1. Bring more to the table than just a sale
Look energetically for ways to be a resource to your customers. What could your organisation offer to help your customers run their businesses more effectively? Could you help your best customers reduce cost without reducing your price? What else can you offer in addition to your solution?
Here are some examples:
- A recruitment company supplies clients with up-to-date industry-specific salary details to help them plan remuneration policy.
- A stationer becomes stock controller and distributor for its major customers’ standard stationery items.
- Car leasing firms offer their clients information on fuel consumption, diesel vs petrol, maintenance, accidents and resale values to help them improve the management of their fleets.
Never underestimate the importance of value-added services in creating partner relations. Become indispensable to your customer and so create ‘barriers to entry’ for your competitors and ‘barriers to exit’ for your customers.
2. Want the business
This sounds obvious, but it goes much deeper than it appears. Giving your customer the impression you really want their business can be very persuasive.
Think about your own experiences. Time and again, if people have gone to great lengths to make you feel important and valued, you choose a supplier based on that feeling, not just on the proposed solution.
Imagine you are interviewing candidates for an important position. You have drawn up a shortlist of two people, Joanna and David. Joanna is slightly better qualified than David, but David lets you know by his attitude that he really wants the job. Who would you offer it to? We have asked this question of thousands of managers over the years and the vast majority answer ‘David’.
It’s exactly the same in business: we want to do business with people who make us think they will look after us, who convince us they really want to work together with us.

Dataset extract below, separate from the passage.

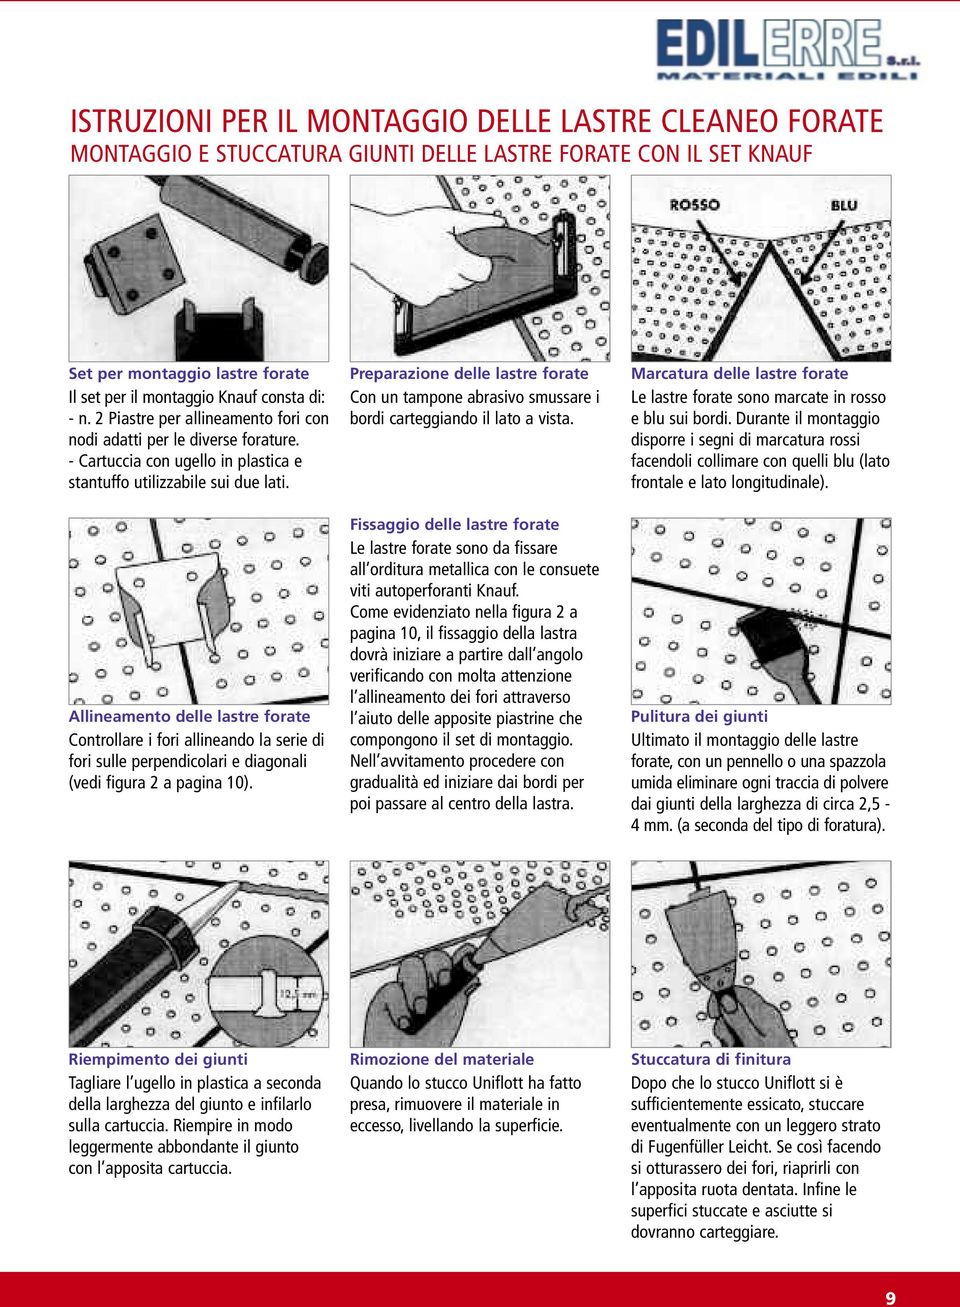 Allineamento delle lastre forate Controllare i fori allineando la serie di fori sulle perpendicolari e diagonali (vedi figura 2 a pagina 10).

The impression you want to create is:
“You can’t buy anything from my company without getting me with it: my help, my assistance, my back-up, me on the end of the phone.”
3. Use team selling
The more people from both supplier and customer who are involved in building the relationship, the stronger it will become. It’s a team effort.
When your team meets the customer and explains what each member does, it gives you more credibility. The customer appreciates having access to all the players. They know who is going to carry out each element of servicing the account.
It’s no longer just the account manager talking with the buyer, it’s the supplier team working with the customer team to optimise effectiveness. And from the buyer’s perspective, the more people involved in the relationship the harder it is to change supplier. They would need to be satisfied that all their key people had no objection to the change.
When organising a team you should no longer be thinking:
“How can I put the best team together to win the business?”
Instead, focus on:
“Who needs to be involved so we can bring in all the expertise we’ve got to help the customer achieve their objectives?”
All contact with a customer should be coordinated through the account manager, who ensures that the account objectives are clear to all concerned and acts as team leader. The overall objective is to ensure that all the supplier’s resources – sales, support, marketing, research, finance, packaging and distribution – are used to identify and meet the customer’s requirements profitably for both parties.
4. Focus on the customer’s customer
What happens when a new business proposal comes into your office? For most of us this signals a determined effort to beat the competition. We seek to entice the new customer or client with better product value, better service, better proposals and a strong desire for them to just plain like us more than our competitors.
Salespeople who are concentrating on consultative partnering go further than this and ask:
“What do my customers require to satisfy their customers?”
“Who are their competitors and how can we help them to win?”
The golden rule of business – I can get what I want by helping others get what they want – is best applied by thinking about both your customer’s customer and your customer’s competitor.
Intel’s brilliant ‘Intel Inside’ marketing campaign worked because the chip maker looked not only at its own customers – original equipment manufacturers and distributors – but at their customers, people looking to buy a new PC. Never before has the end user been so aware of the brand identity of a single component.